4e dimanche de Pâques (I)
Sermon de saint Bernard, abbé
Sermo in Dom. infra Oct. Assumpt., 3 : EC 5, 263-264
Ne crois-tu pas que Marie est cette femme revêtue du soleil ? Je le concède sans peine : l’ensemble de la vision prophétique vise clairement l’Église du temps présent, mais elle me paraît s’appliquer sans aucune inconvenance à Marie. Celle-ci de fait s’est revêtue comme d’un nouveau soleil. Comme le soleil se lève indifféremment sur les bons et les méchants, ainsi Marie ne discute pas les mérites passés, mais se montre à tous exorable, à tous extrêmement accueillante ; elle prend en pitié enfin les besoins de tous dans une tendresse sans bornes.
Aucune imperfection qui ne soit au-dessous d’elle, et tout ce qui est fragilité ou corruption, elle le domine plus que quiconque d’une hauteur en quelque sorte inaccessible ; elle dépasse ainsi les créatures, ce qui permet de dire en toute vérité que la lune est sous ses pieds. D’ailleurs, qu’avançons-nous d’extraordinaire en disant : La lune est à ses pieds, puisque c’est un crime de mettre en doute son exaltation au-dessus des anges, plus haut encore que les chérubins et les séraphins.

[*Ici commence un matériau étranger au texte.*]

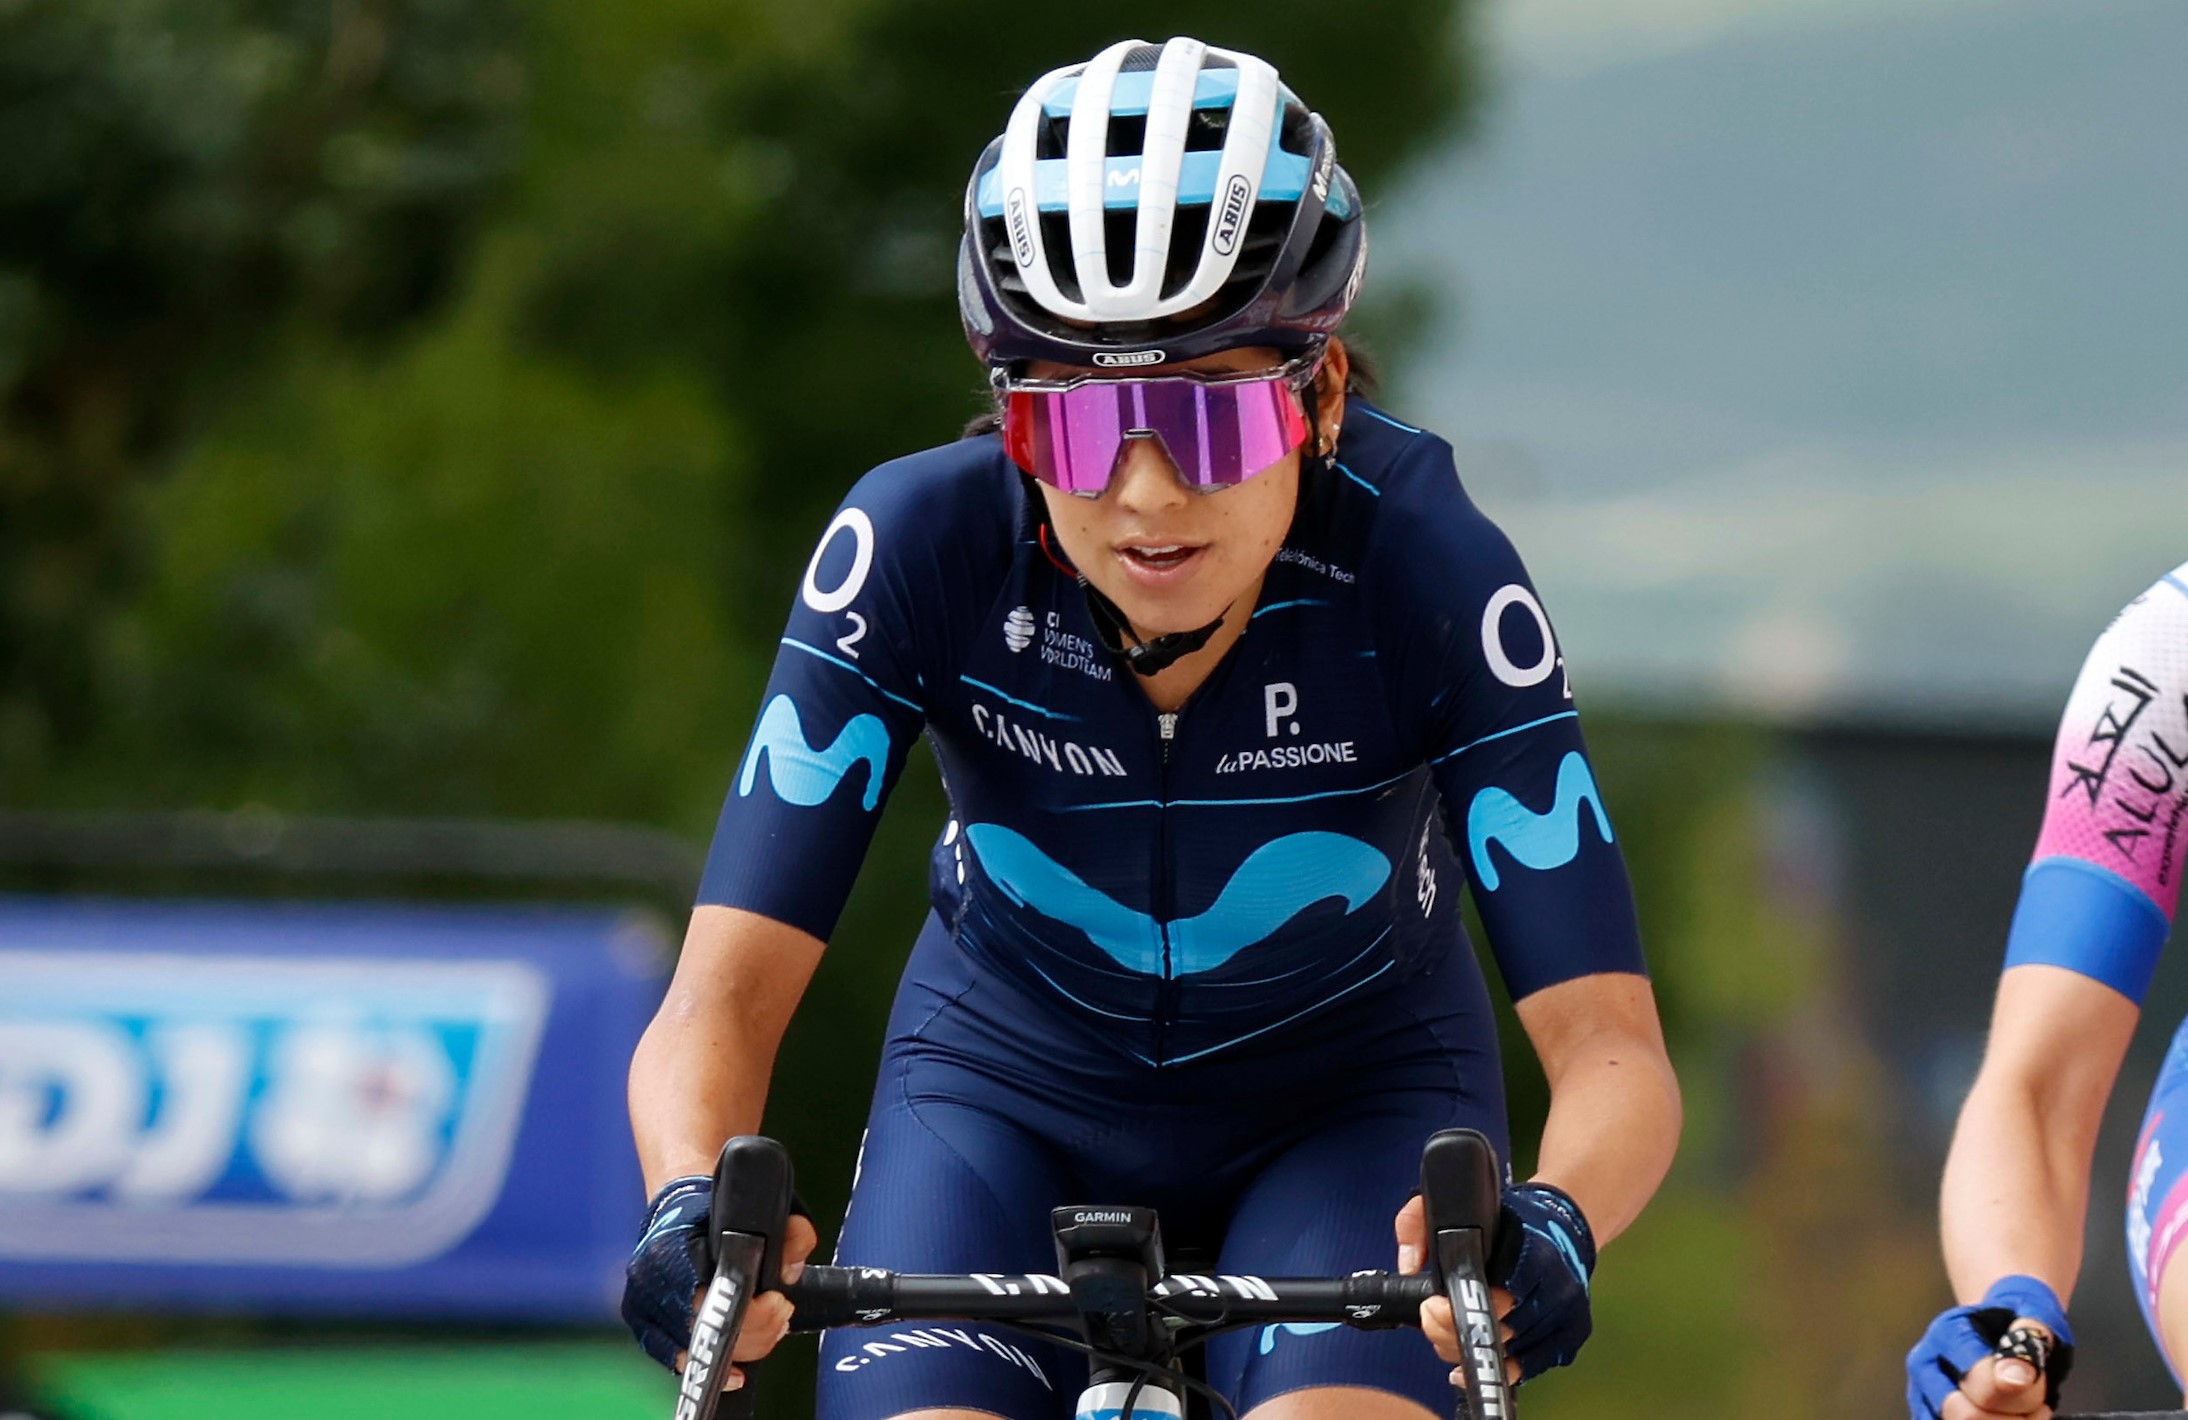 Paula Patiño consiguió su mejor resultado en el ciclismo europeo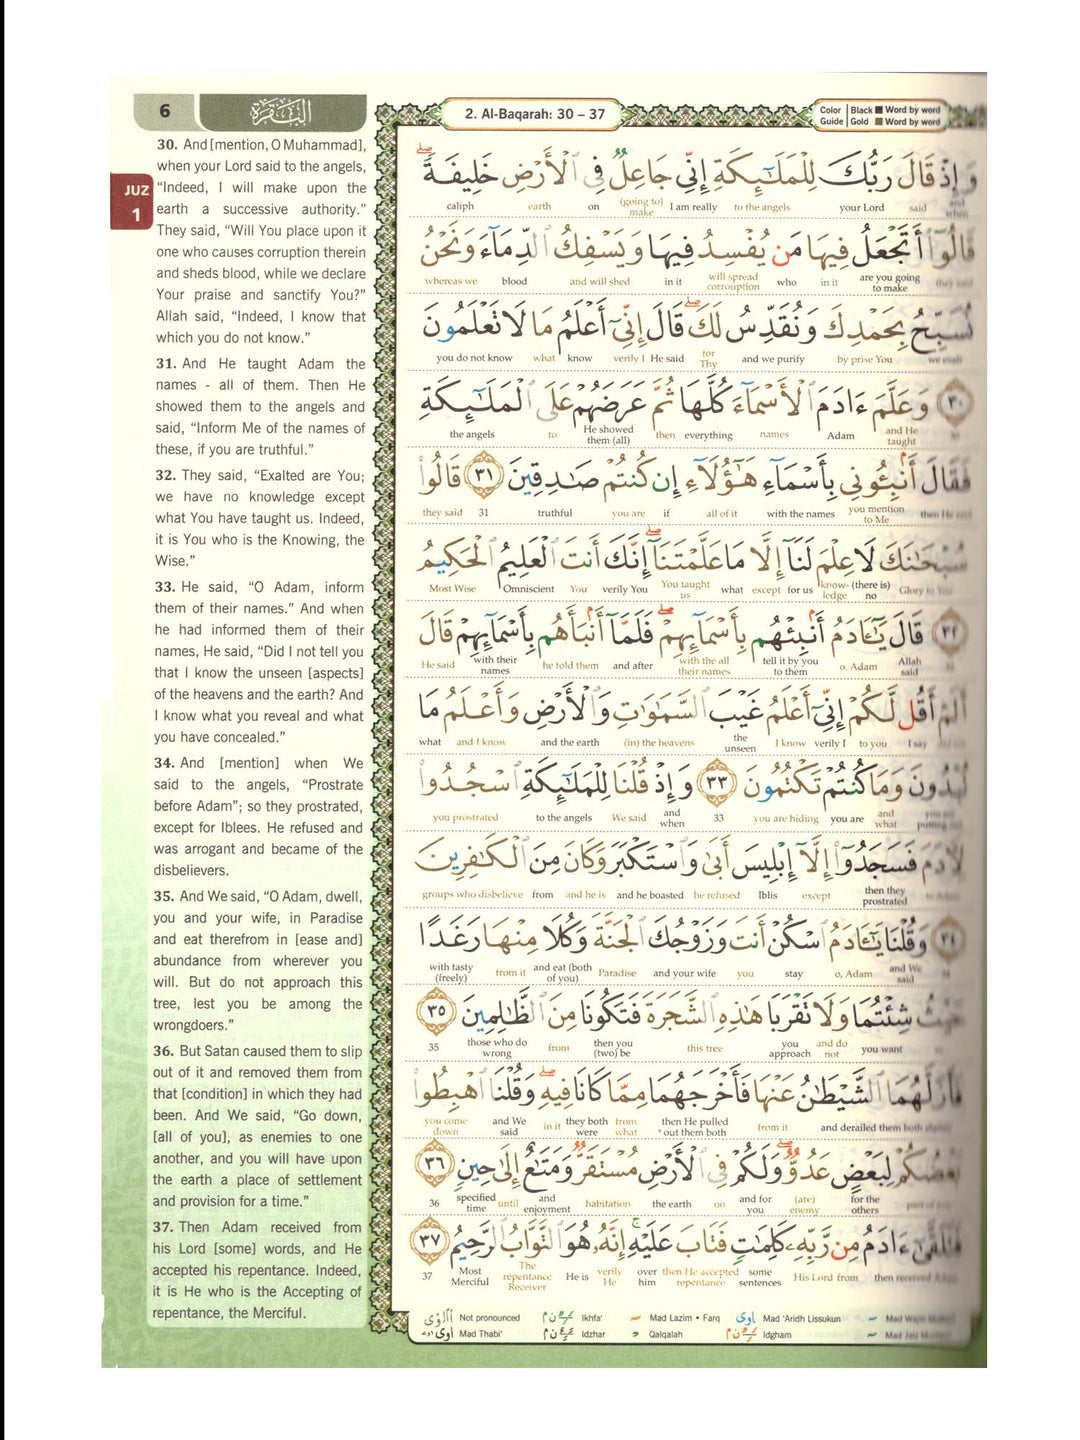 Al Quran Al Karim - Word By Word Translation - A5 Small

De plus, dans le soleil, l’ardeur et la clarté sont constantes, dans la lune, il n’y a que la clarté, encore est-elle changeante et incertaine, jamais fixée dans le même état. On a donc raison de représenter Marie enveloppée de soleil, elle qui s’est enfoncée dans les abîmes de la divine sagesse jusqu’à des profondeurs incroyables, au point qu’elle nous apparaît immergée dans cette lumière inaccessible jusqu’au degré possible pour une créature ne jouissant pas de l’union hypostatique.
Ce feu, chacun le sait, est celui qui purifie les lèvres du prophète, ce feu est celui qui embrase les séraphins. Pour Marie, il s’agit d’une toute autre mesure : elle a mérité d’être, non pas simplement effleurée par ce feu, mais bien d’en être recouverte de toute part, d’en être environnée, d’être comme enfermée dans ce feu même. Il est toute splendeur bien-sûr, mais aussi l’incandescence suprême, le vêtement de cette femme dont tout l’être se trouve irradié avec tant d’excellence qu’on ne peut découvrir en elle le moindre soupçon, je ne dis pas de ténèbres, mais de pénombre ou de lumière moindre, et pas davantage le plus petit atome un peu tiède ou qui ne soit pure incandescence.